I don't use rsync much but --existing is this right?

            --existing              skip creating new files on receiver

And rclone has:

      --ignore-existing                      Skip all files that exist on destination

I feel that does the same thing re-reading your ask again as my previous statement I think was incorrect.

In rsync, sender is the source and receiver would be the destination which should translate to source destination in rclone so rsync A -> B and rclone copy A: B: with those flags I think would be identical.

You can test with --dry-run and validate as that I think is your answer.

If I'm not mistaken there is currently no such option in rclone. You could however use a two step process:

  1. Check, which files are in source but not in target
  2. Write that difference into a filter list
  3. use this filterlist for the rclone copy

See this example:

md in out
echo 1 > out/1
sleep 2
echo 2 > in/1
echo 3 > in/2
rclone check in out --missing-on-dst skiplist
rclone copy in out --exclude-from skiplist -v

Or you can use that...

If I understood the OP correctly --ignore-existing would just achieve the opposite of what was intended: OP does want to update files that are in the target, and only these, not the ones missing from there.

Have to let the OP answer then as his rsync flag is identical to the rclone flag I shared so if that's the case, something doesn't make sense.

If that is the case, they could script this pretty easily.

$ rclone lsf A: > filters.txt
$ rclone copy --files-from-raw filters.txt remote: A:

files-from-raw says it can directly read lsf output.

This isn't the most efficient since it has to list A: twice but assuming it is local, that is fast and not a problem

Animosity022, not sure why you still think that what I want is to exclude existing files (on the destination), when the actual need is the opposite and, I believe, has been adequately described.

@brdlgwmpft thanks, yes, I've already thought of that but wanted to see if there's a built-in solution, either with a specific flag or some kind of built-in filter.

Because that's what you said right here:

felix@gemini:~$ rsync --existing /home/felix/test/ /home/felix/test1/ -P -av
sending incremental file list
./
two
             10 100%    0.00kB/s    0:00:00 (xfr#1, to-chk=0/3)

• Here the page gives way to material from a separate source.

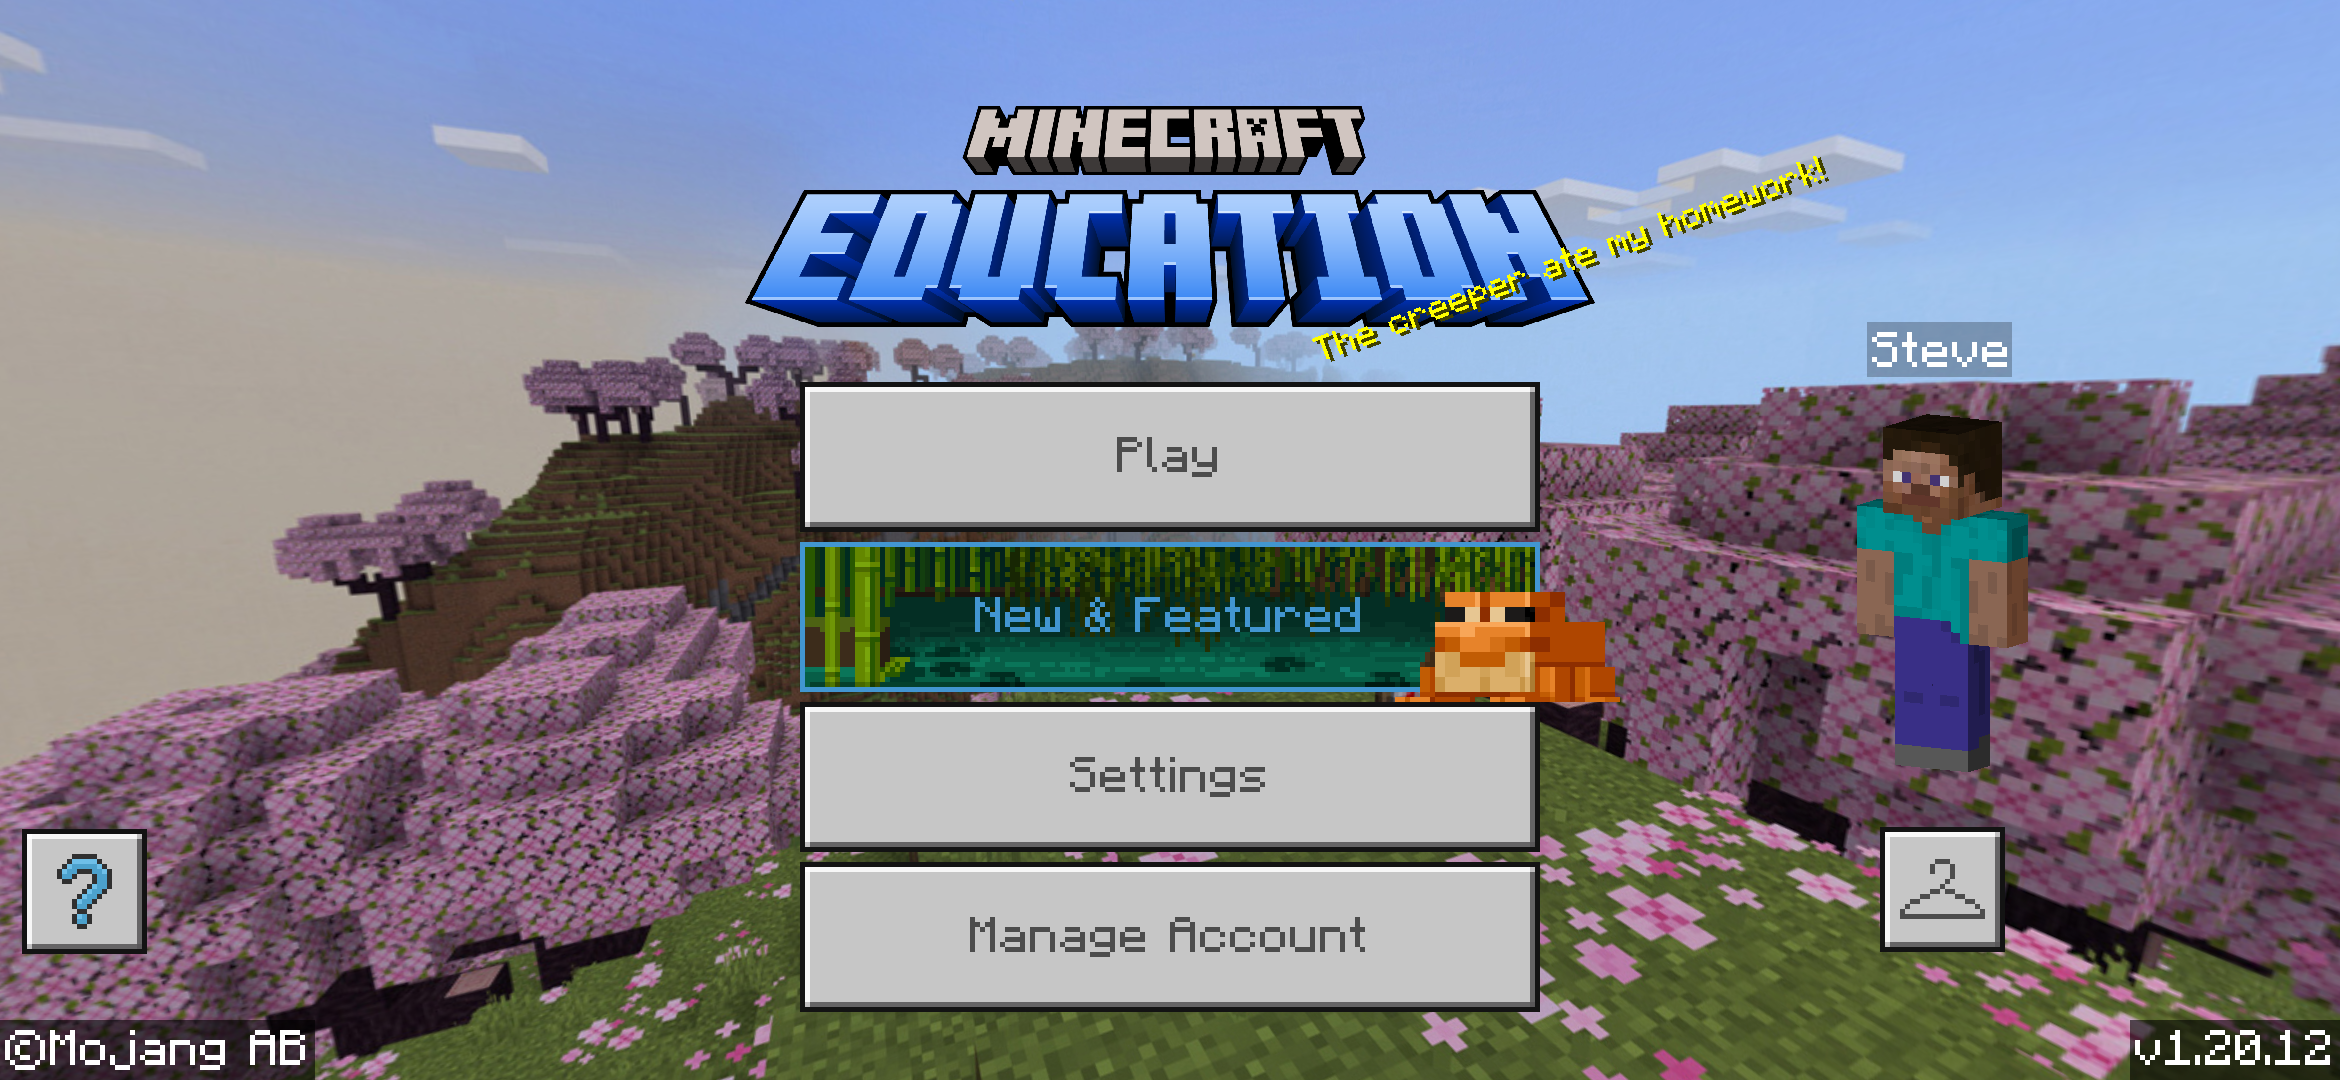 Learn to play Minecraft Education – Minecraft Education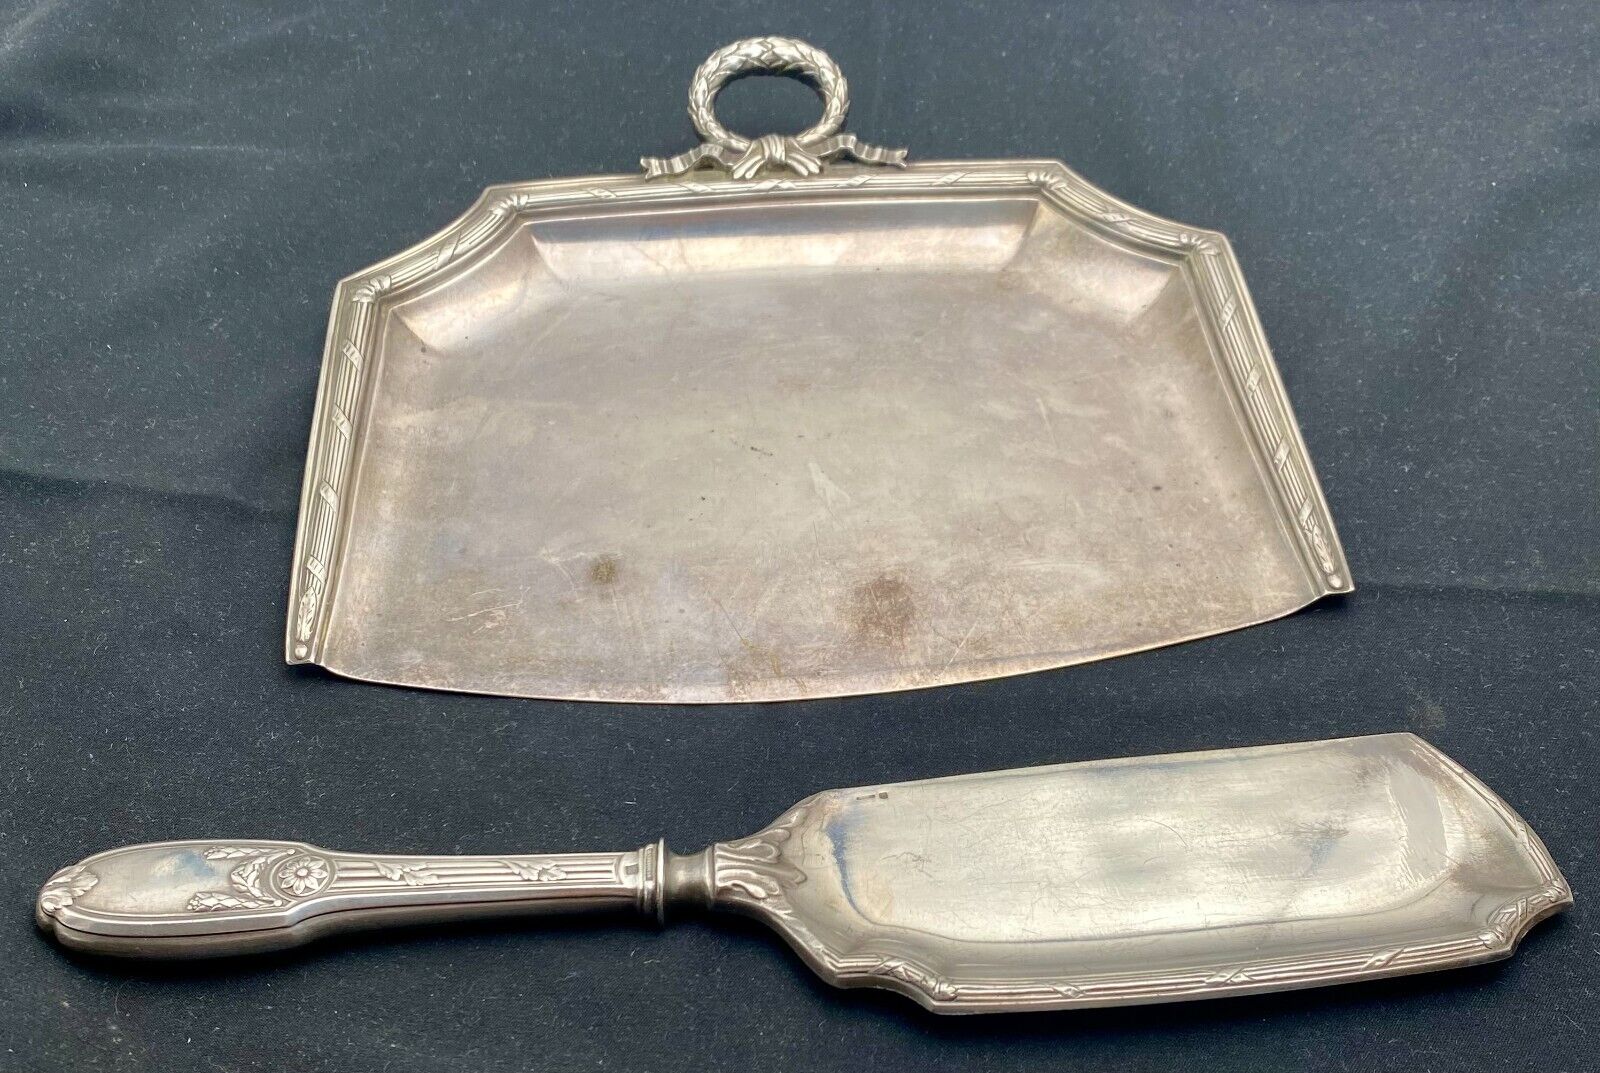 VTG SET OF CHRISTOFLE SILVER PLATED CRUMB TRAY & CRUMBER EMPIRE STYLE c1950 g

sent 153 bytes  received 38 bytes  382.00 bytes/sec
total size is 10  speedup is 0.05
felix@gemini:~$ cat test1/two
update me
felix@gemini:~$ ls test
one  two
felix@gemini:~$ ls test1
two

That excludes or skips creating new files on the receiver side.

Godspeed.

Yes, Animosity022, that's what I want. To skip creating new files on the receiving end.

So if Remote, or C as you like it, has files :

1.txt, modified today
2.txt, modified today
3.txt, modified today

And computer B, has files :

1.txt, modified yesterday
2.txt, modified yesterday

I'd want to do rclone copy C B --magic-flag-that-doesnt-exist so that in the end, B ends up with :

1.txt, modified today
2.txt, modified today

Again, I'm not sure how you're confused.
@brdlgwmpft and @asdffdsa seem to have gotten it right on the first try.

Clearly, they are just smarter than me.

Again, I'm surprised you continue to talk down to someone spending their time to help you out. Good luck as I'm done.